I’ve been having problems with my main pool called FusionPool. It has 2 spinning vDevs both z2 and a mirrored metadata pool. It appeared one of the nvme metadata drives was missing so I replaced, I thought it finished resilvering so I planned to upgrade the 2nd one as well. When I rebooted, the FusionPool was listed exported so through the GUI I exported the pool and tried to re-import it, which worked in the past.

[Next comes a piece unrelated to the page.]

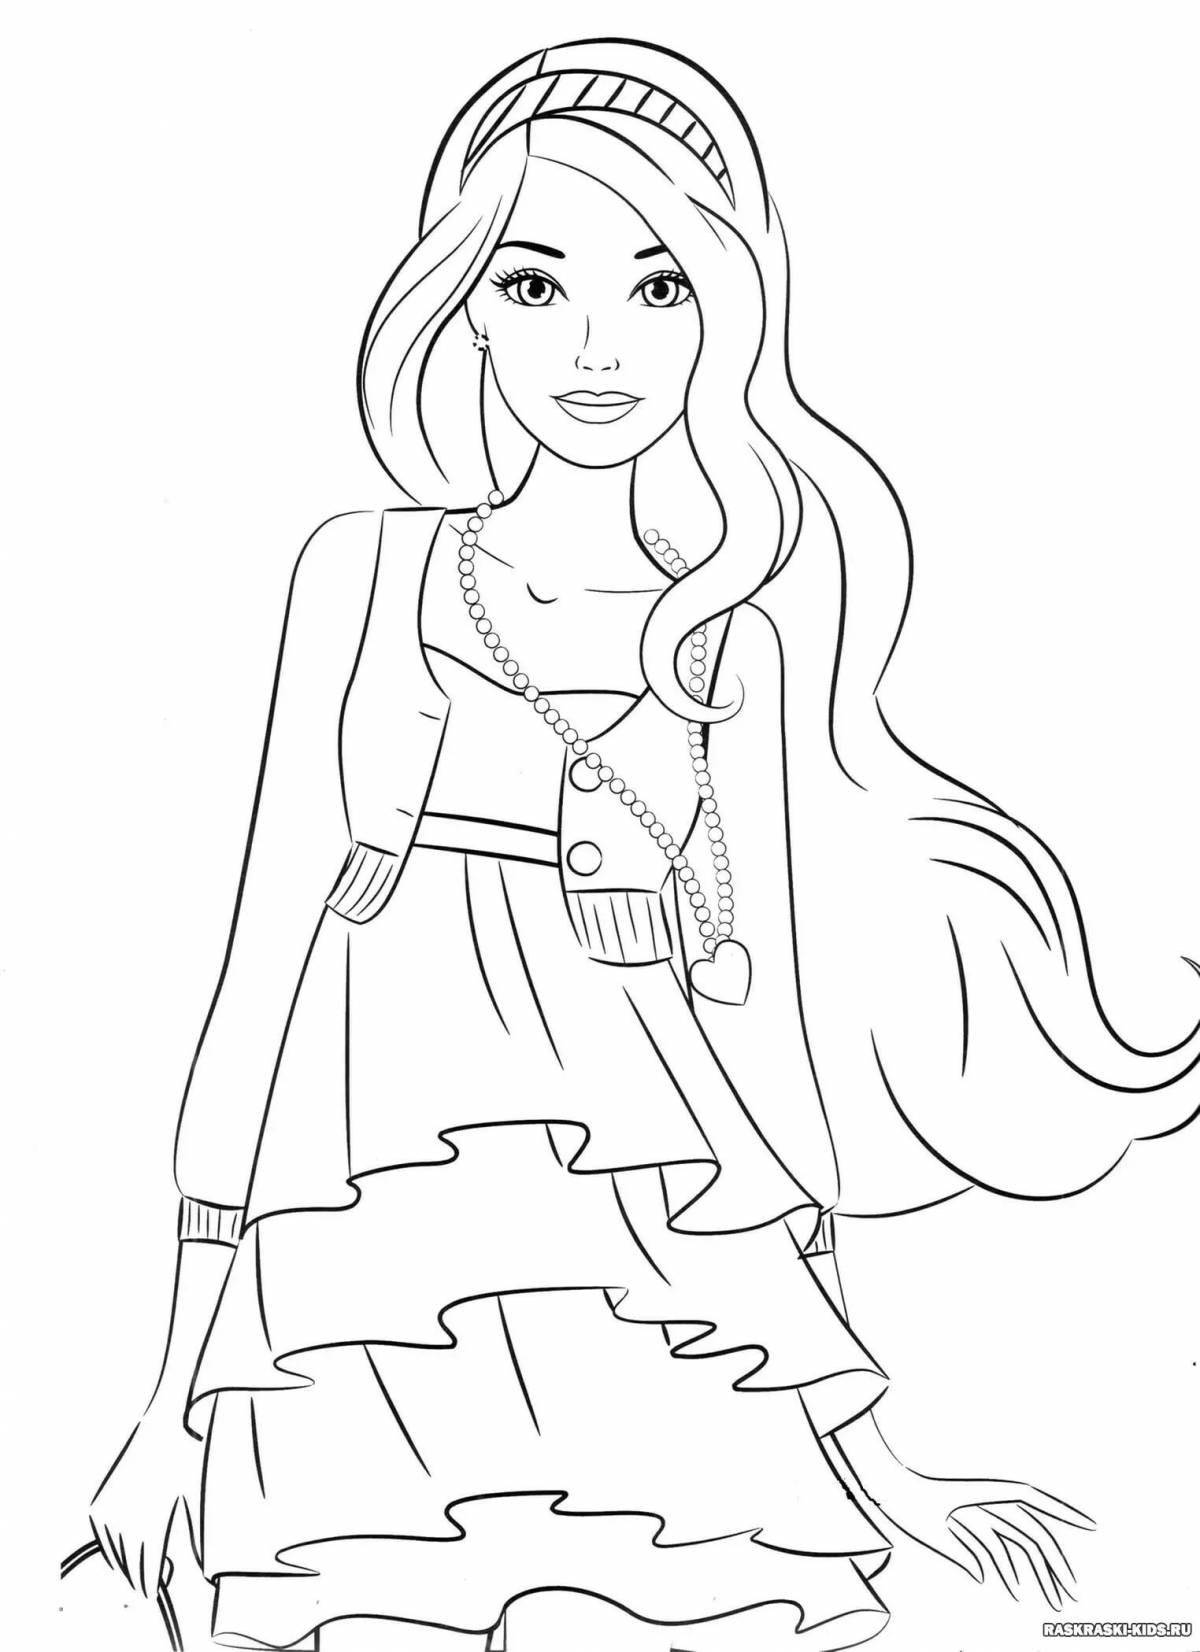 Stylish coloring book for girls for kids

When I try to import via the GUI I get this message:
I have adequate disks available, with only one of the mirrored nvme drives missing.
When I go to manually import the pool via the shell I get
When I run zpool import I get the following output:
root@truenas[~]# zpool import
pool: FusionPool
id: 7105278952023681001
state: FAULTED
status: One or more devices contains corrupted data.
action: The pool cannot be imported due to damaged devices or data.
The pool may be active on another system, but can be imported using
the '-f' flag.
see: https://openzfs.github.io/openzfs-docs/msg/ZFS-8000-5E
config:
FusionPool FAULTED corrupted data
raidz2-0 ONLINE
f9a95cd1-86c4-4c2d-bef5-01e020f29abd ONLINE
a88e61ec-82c2-4255-92b0-298de1335798 ONLINE
bebea15b-3341-4c5a-8cb5-2a04b726e64e ONLINE
8d3a4f69-a526-4bf0-ae6c-efc851d43bfe ONLINE
5b712775-ed2d-46cf-81cb-1936a6f27936 ONLINE
a34b923d-b7ff-4aca-98e9-ef7ef22d28c7 ONLINE
mirror-1 DEGRADED
840bed05-be73-4e33-95bf-7d0374c1a70e ONLINE
a2b880e0-d3a5-4d15-99c0-bec7e5436d12 UNAVAIL
raidz2-2 ONLINE
ef1bf023-d6db-438a-b9d1-7d2bdbb2ed83 ONLINE
8e9793b2-8d5f-4fcb-9aef-2012536184e8 ONLINE
63599f5d-7f6a-4f42-99ce-64517c6984ef ONLINE
4cb91005-5dc1-453e-942f-5ad6ecdddefe ONLINE
Any suggestions on how I can try to revive this pool?
Do you mean “metadata vdev”, which are generically referred to as “special vdevs”?
From your zpool import output, mirror-1 is a data vdev, not a special vdev.
It was intended to be a special vdev, when I originally set it up. Either way I can’t reimport now.
You’re very close to losing all your data. I hope you have backups. I also suggest redoing this pool if possible.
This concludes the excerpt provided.